The auger housing does not have a gasket that I know of. The gearbox does. You may want to download a repair manual from Toro's website and read it before doing the job. If the auger "rakes" are frozen to the shaft, then you will have a huge job, and may be better off using a thicker grease in the gearbox.


----------



## Jackmels (Feb 18, 2013)

Agreed with 333....00 Grease Available at Tractor Supply might do the trick without getting overly involved.


----------



## cyborg (Jan 6, 2015)

Maybe I wasn't clear. I have a pic of the auger gearcase assembly attached. The part # 16 is the gasket I'm referring to.
This housing is where my auger gear oil is leaking. So. I want pull the auger out from the impeller. After that, I would remove the right side auger in order to unscrew all the bolts and replace the gasket part # 16. However, I can't pulled the auger out. I need to know if there is bolt I need to remove in order for the auger to be pulled out. Thanks


----------



## barney (Nov 21, 2017)

Can you try tightening up the clamshell bolts? Maybe they loosened up.


----------



## cyborg (Jan 6, 2015)

I tried that. I'm hoping it will fixed it. But,if not I will need to open up the auger case and replace the gasket. That;s why I want to know how to remove the auger and change the gasket. The torque value for the bolts are not that high (120 inch-lbs).


----------



## RIT333 (Feb 6, 2014)

Did you download the suggested manuals from Toro's website ? They will probably answer some of your questions. Pulling off the auger from the shaft may take an acetylene torch with a rosebud tip, and/or a week of soaking with PB blaster. It looks easy, but often involves the use of many choice words. Trust me, been there, done it. Not fun.


----------



## barney (Nov 21, 2017)

cyborg said:


> I tried that. I'm hoping it will fixed it. But,if not I will need to open up the auger case and replace the gasket. That;s why I want to know how to remove the auger and change the gasket. The torque value for the bolts are not that high (120 inch-lbs).

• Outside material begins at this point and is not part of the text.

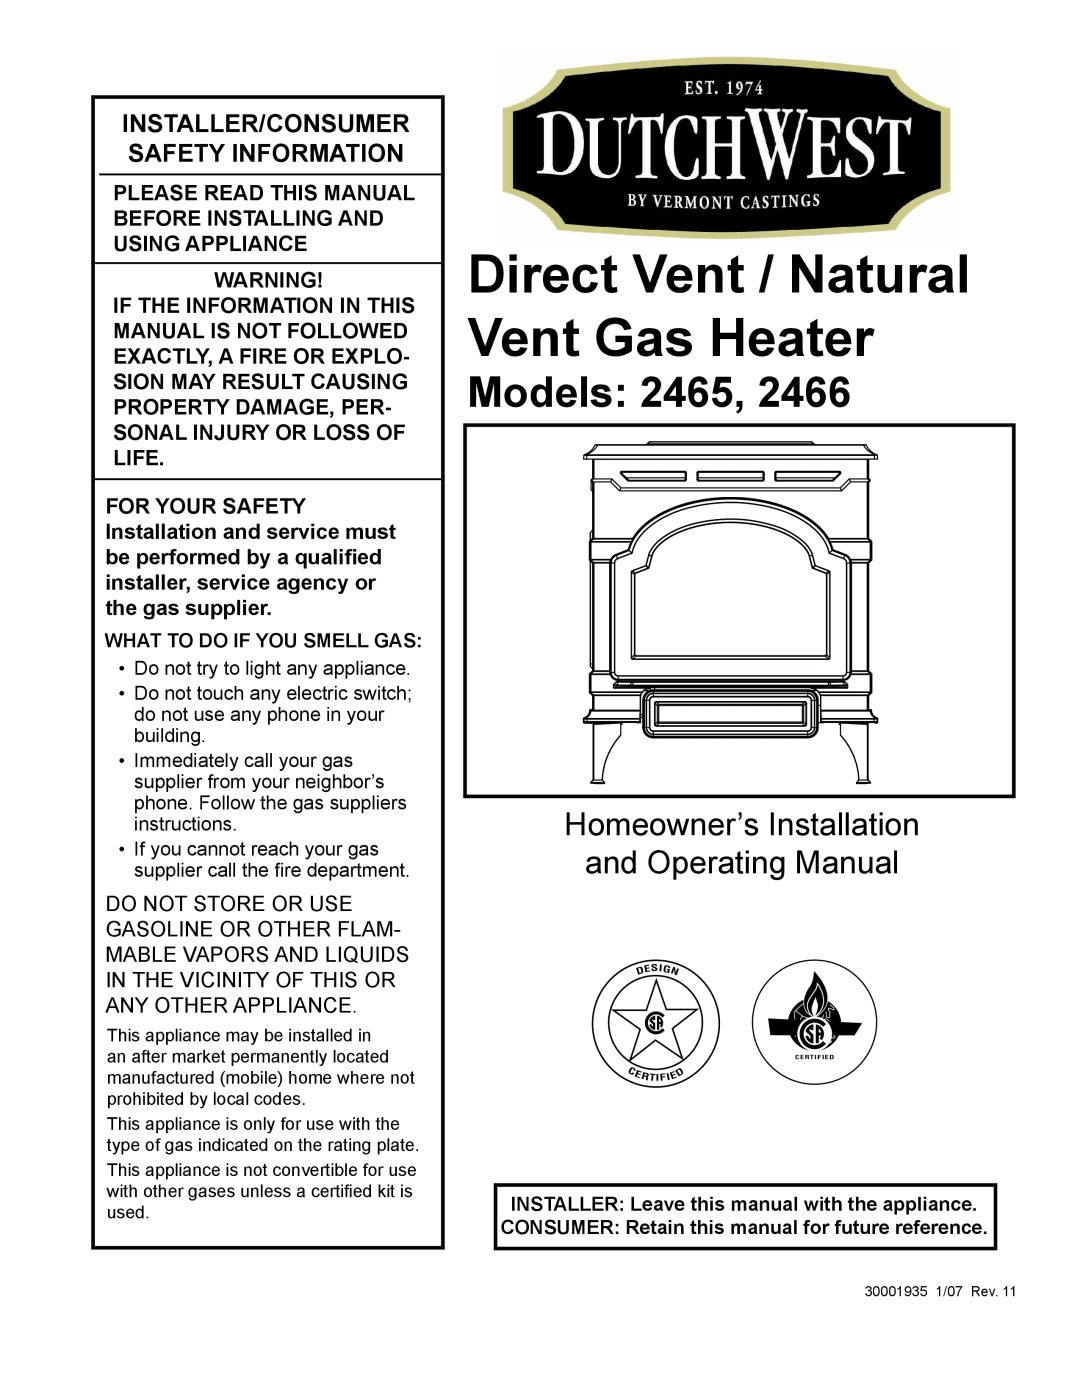 Vermont Casting 2465 manual Direct Vent / Natural Vent Gas Heater, Models, Homeowner’s Installation and Operating Manual

There's a step by step video on youtube shot by a toro owner who decided to take apart his augur assembly to grease the shafts...that should show you the whole process. You'll have to search for it. Hopefully when you tightened the clamshell bolts that did the job. If not, I would opt for the heavier grease option unless someone suggests otherwise for particular reasons.


----------



## cyborg (Jan 6, 2015)

Yeah, I saw one of those videos and I also talk to one of mechanic for a Toro dealer. He told me what is required to do the work. I end up getting him to fixed the problem. The repair job involved also replacing both seals where the auger shaft enters the auger case housing. So, if I do the job myself, I will waste a lot of time running to the dealer to get additional parts. So, all is good. Any way, thanks to everyone responding to my problem.


----------